Recurring Relationship – Why Can We Ignore the Constant Factor in Weis's Proof of the Master Theorem?

Suppose your function is always within range $ cN ^ k $ to $ CN ^ k $, Consider the three repetitions
$$
s (N) = such as (N / b) + cN ^ k, S (N) = aS (N / b) + CN ^ k, R (N) = aR (N / b) + N ^ k.
$$

For suitable initial conditions $ s (N) leq T (N) leq S (N) $ will hold, as a clear proof by induction would show. On the other hand, for suitable initial conditions, $ s (N) = cR (N) $ and $ S (N) = CR (N) $as another simple induction shows. This explains Weis's remark.

What's going on here? As you complete the recursion, add different terms that are different $ Theta (N ^ k) $for different values ​​of $ N $, The contribution of the big theta to the final sum is at most a constant factor. Instead of $ a ^ m sum_ {i = 0} ^ m ( frac {b ^ k} {a}) ^ i $, you get $ Theta bigl (a ^ m sum_ {i = 0} ^ m ( frac {b ^ k} {a}) ^ i bigr) $, The decisive factor is the additional constant factor global and does not accumulate during recursion.

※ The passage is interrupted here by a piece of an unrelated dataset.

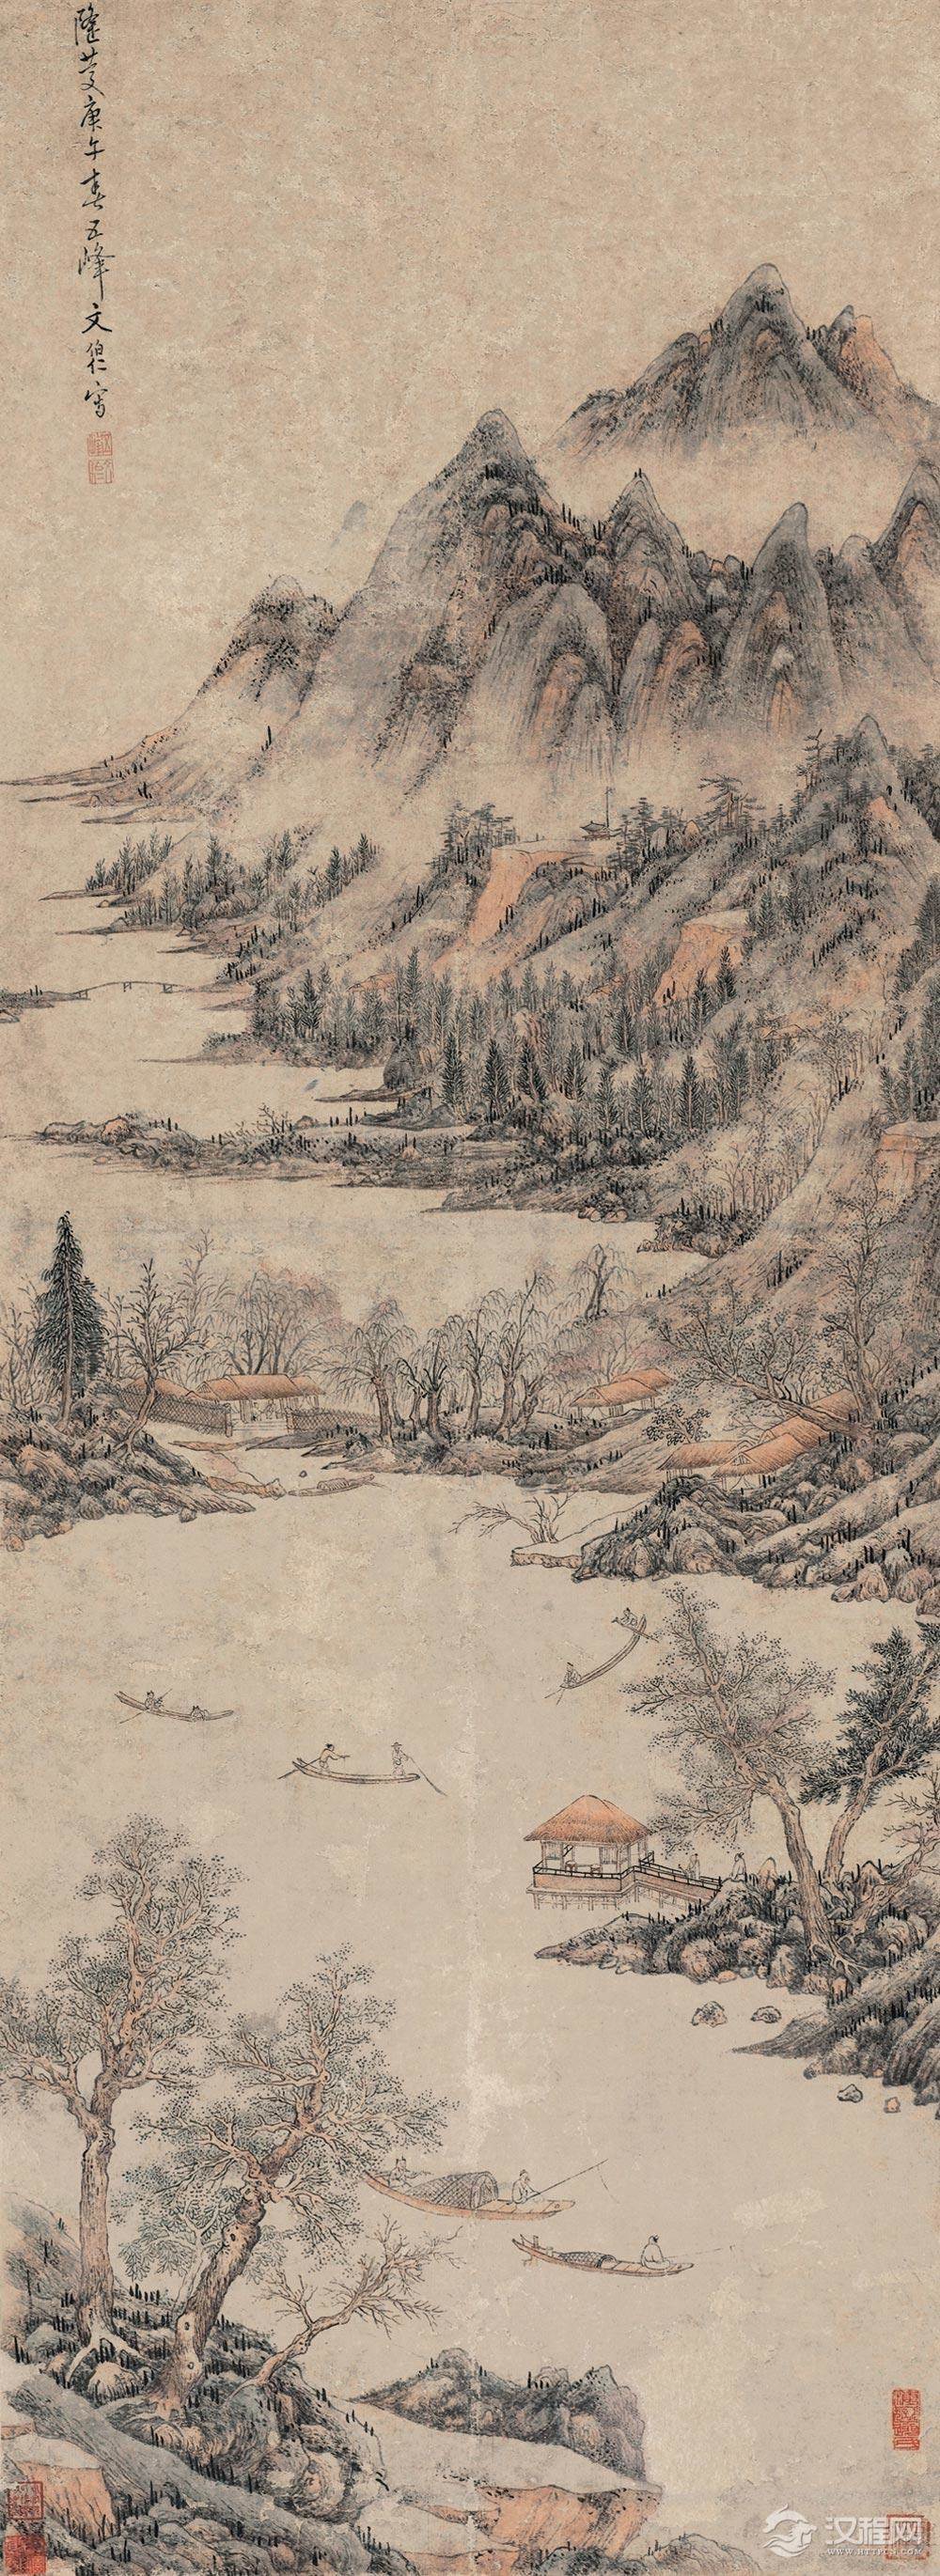 北京故宫典藏绘画

Consider generic repetition as an example $ s (N) = 2s (N-1) + f (N) $with basic housing $ s (0) = 0 $, The solution is $$ s (N) = f (N) + 2f (N-1) + 4f (N-2) + cdots + 2 ^ {N-1} f (1). $$ When we multiply $ f (N) $ With a constant factor, the solution of this repetition is multiplied by the same constant factor, while the constant $ 2 $ remains the same.